History suggests that RBAC will be made mandatory at some point and the old APIs removed, so all apps will be forced to switch.
At this point, I am not even adding new features to my app: I am required to make this change so that my app remains functional, and it will break for any admin who does not update. (What would I even name this new “feature” in my Forge manifest for your future milestones? The please-dont-break-my-app-with-rbac feature?)
This is just one recent example, but there have been a few others like this in the last year as well. I am also sure that Atlassian will continue to regularly introduce new product concepts that include new permissions, and apps will be forced to adopt these permissions just to remain in a working state.
Connect apps were somewhat insulated from these issues because the scopes were broad, but this becomes an instant problem for Forge apps. The last official word I recall was that apps must remove all Connect scopes in the next four months in order to avoid being penalized on revenue share, so apps cannot reasonably use the inherited-Connect-scopes workaround either starting in 2026. (Please correct me if I am wrong.)
I would gently suggest that this overall scenario also “does not align with customer expectations” and I hope that Atlassian would consider this in future milestones. Finding better ways to nag admins to upgrade only goes so far and you are not going to get 100% compliance.
Not every customer is the same, and while I am sure that some sensitive customers may indeed require approval for every single granular permission elevation, I suspect that there are also plenty of customers (perhaps even the majority) who would be receptive to receiving automatic updates within the same general sets of scopes (read, write, admin, impersonate, etc), perhaps after some notice period.
I can add that effectively every customer has already been operating under this model for years (with Connect) and still passing whatever audits that allowed them to use Marketplace apps.
Perhaps Atlassian could consider allowing customers to decide whether they need to audit every single permission change, or if permission “upgrades” are deemed acceptable if they remain within the existing higher-level scopes.

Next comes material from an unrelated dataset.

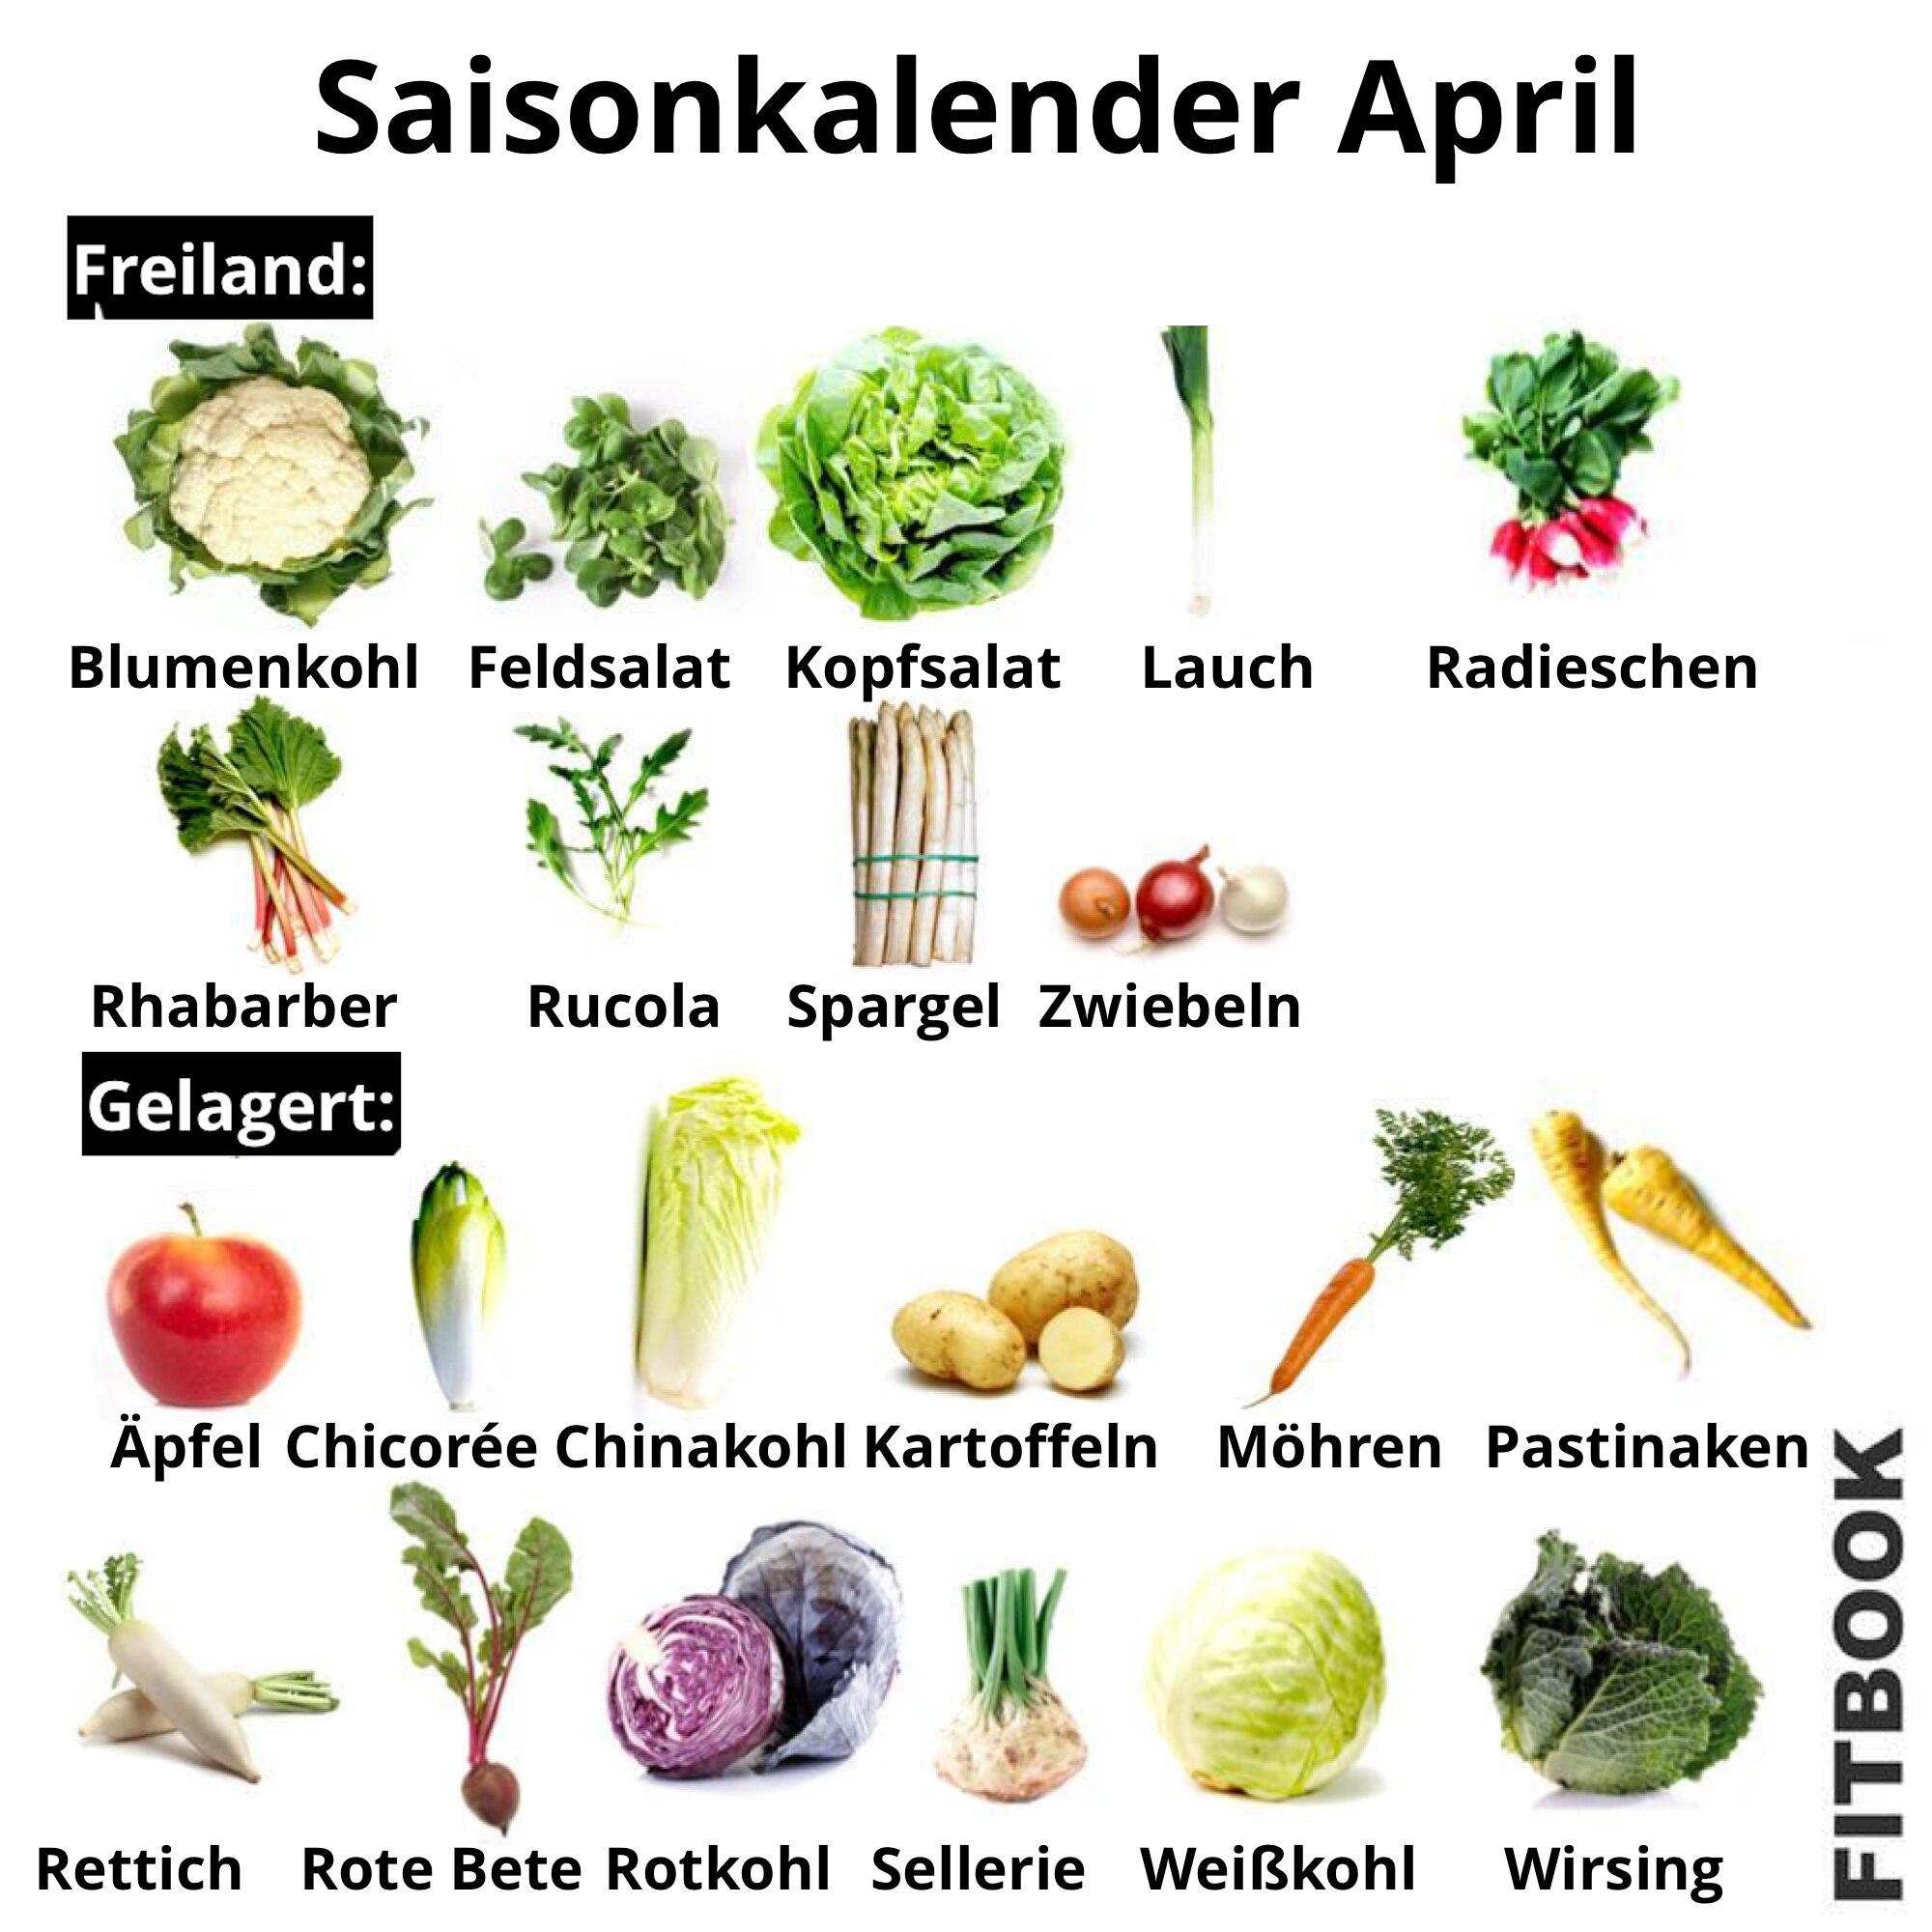 Saisonkalender April

If this has not already been done, maybe Atlassian could also consider running a focus group or whatever to gather the data it needs to back a decision such as this? It admittedly seems unlikely that something that was acceptable (even if grudgingly) for the last 10 years has suddenly become completely unacceptable to all customers.
In short, there has to be a happy middle ground somewhere that will align with customer expectations (realizing that not all customers are identical) while also allowing app vendors to minimize headache and ship apps that actually work. As a vendor, that would be my end goal.